I’m still in the process of gathering my food porn from the trip, so in the meantime… thought I’d share a recipe with you. It’s probably my favorite recipe ever – a recipe that always seems to satisfy that sweet tooth craving. So as a somewhat farewell to summer… here’s my recipe for Blueberry Cream Cheese Pie (a wonderful summer dessert, especially if you opt to use fresh berries… but also yummy all year round…)

Enjoy!

For the crust, you will need:

1 cup flour
1 block butter, softened
1/4 cup packed light brown sugar
1/2 cup macadamia nuts, chopped to your preferred “chunkiness”
Preheat oven to 400 degrees.
Place flour in a mixing bowl and cut in the butter, using a fork or better yet, your hands, add in sugar and nuts and mix until flour is crumbly.
Place flour mixture in an 8-inch pie pan , making sure to break up bigger crumbles. Do not press the mixture into the pie pan, as you want to bake it as a crumbled mixture.
Bake for 15 to 20 minutes, stirring occasionally to break up the crumbs even more. You want to bake it until it’s a “golden brown”. Be sure not to burn the crumbly crust.
Remove the crumbled crust from the oven , pat to the sides of the pan, using the back of a spoon or a spatula, whichever works for you, and cool.
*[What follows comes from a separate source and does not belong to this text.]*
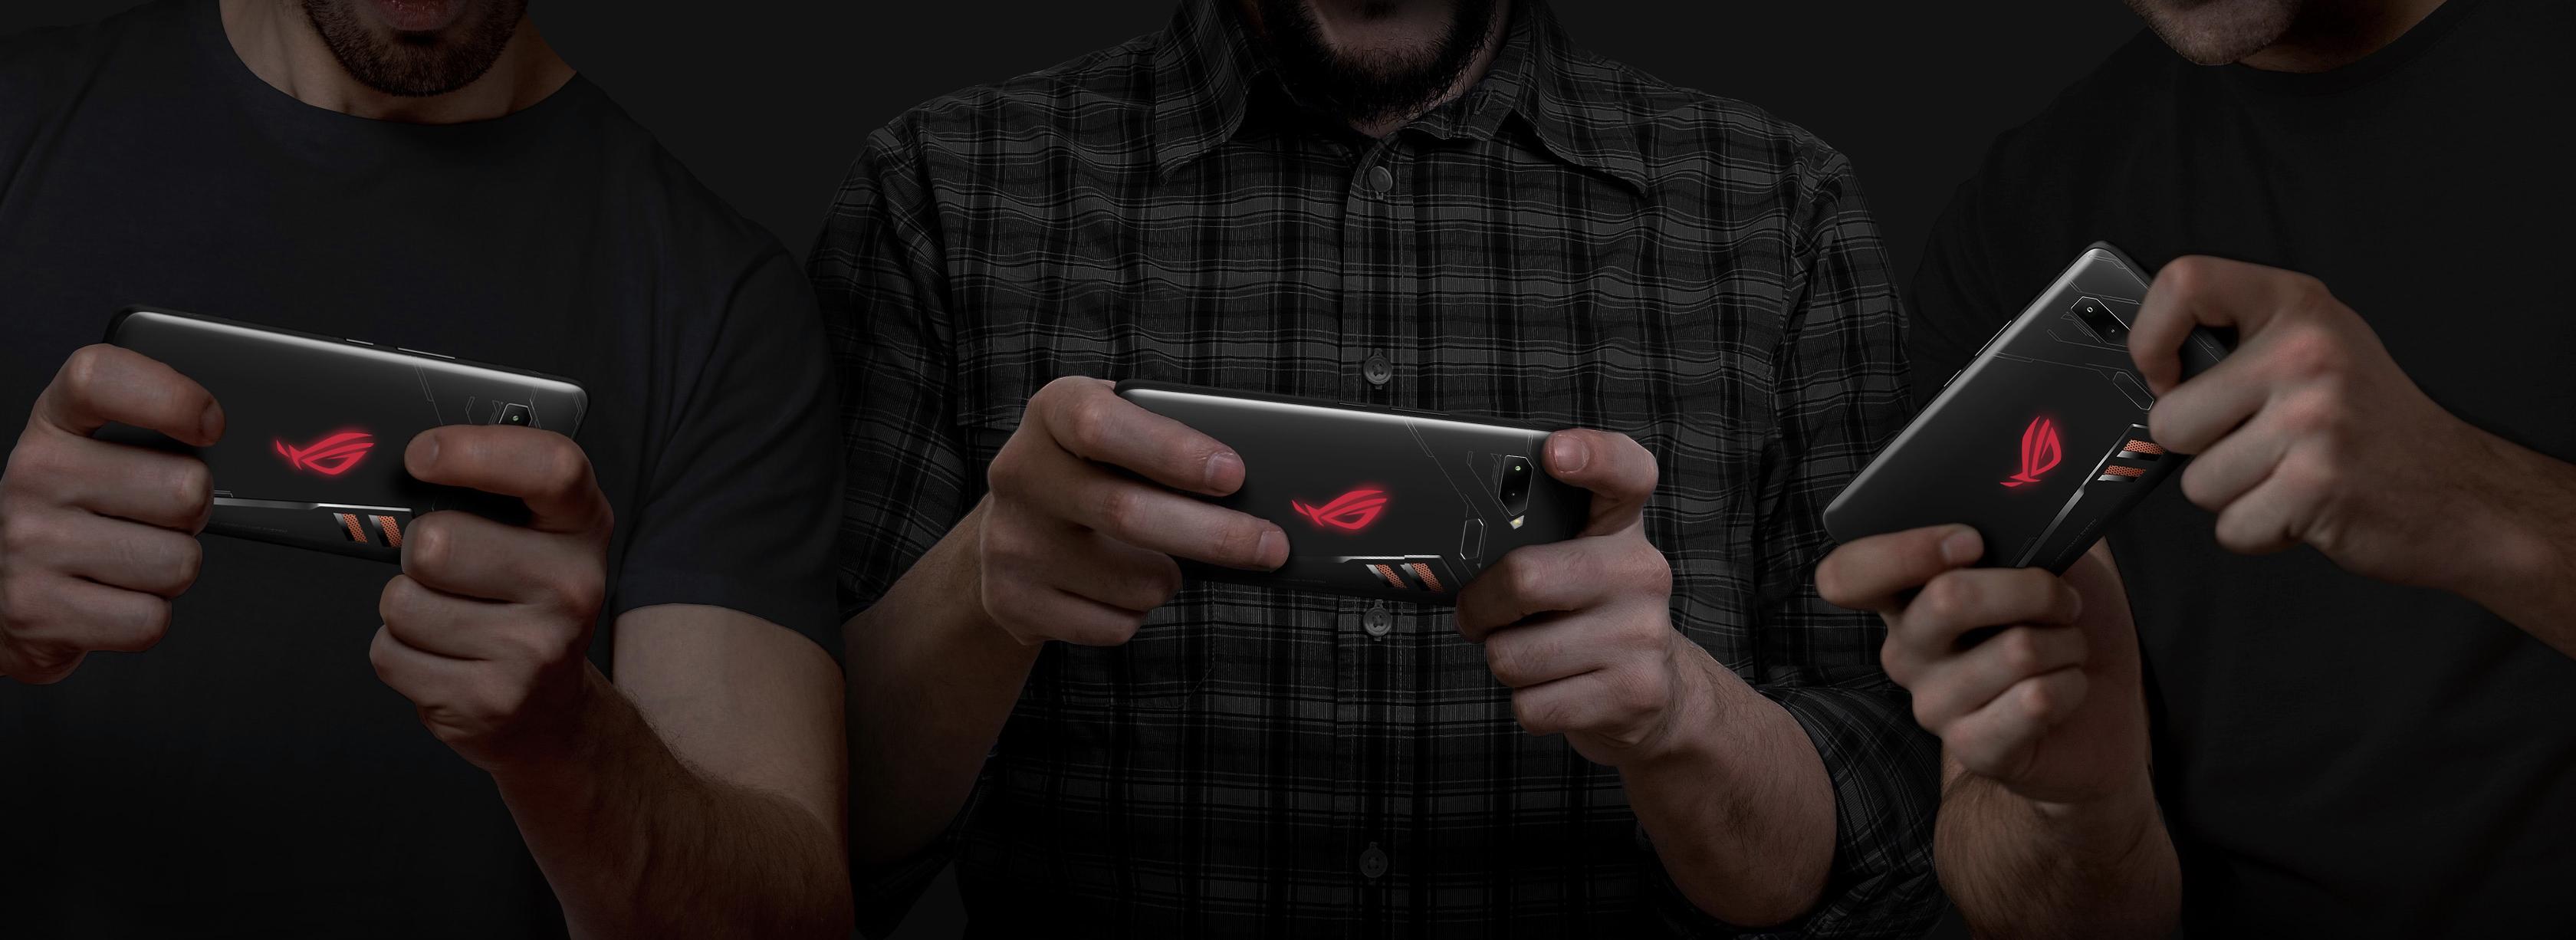 ROG Phoneの背面ライト

In the meantime, for the filling you will need:

1 jar Avoset or 1 cup whipping cream
1 – 8 oz. block of cream cheese, softened to room temperature
3/4 cup powdered sugar
1 tsp. pure vanilla extract
1 can Comstock Blueberry Pie Filling/topping
Chill your mixing bowl and beaters for your electric mixer. Whip cream or Avoset until it forms stiff peaks.
In a separate bowl, combine cream cheese, sugar and vanilla until smooth. Fold the cream cheese mixture into the whipped cream mixture. Spread evenly into prepared pie crust. Be careful as you spread the mixture into the crust. The filling is pretty thick and the crust is not set into the pan. What you want to try to do is drop the entire filling down the center of the pie crust and spread outward, so that none of the crumbly crust will end up in the filling.
Chill for 4 to 6 hours or overnight, if you have enough self control.
Top with your favorite fruit topping.
Canned pie filling works perfectly fine, or if you’re over-ambitious, you can make your own topping using fresh fruits. Some variations: sliced bananas drizzled with chocolate syrup, apple pie filling drizzled with caramel sauce, crumbled oreos, crumbled heath bars… The options are endless.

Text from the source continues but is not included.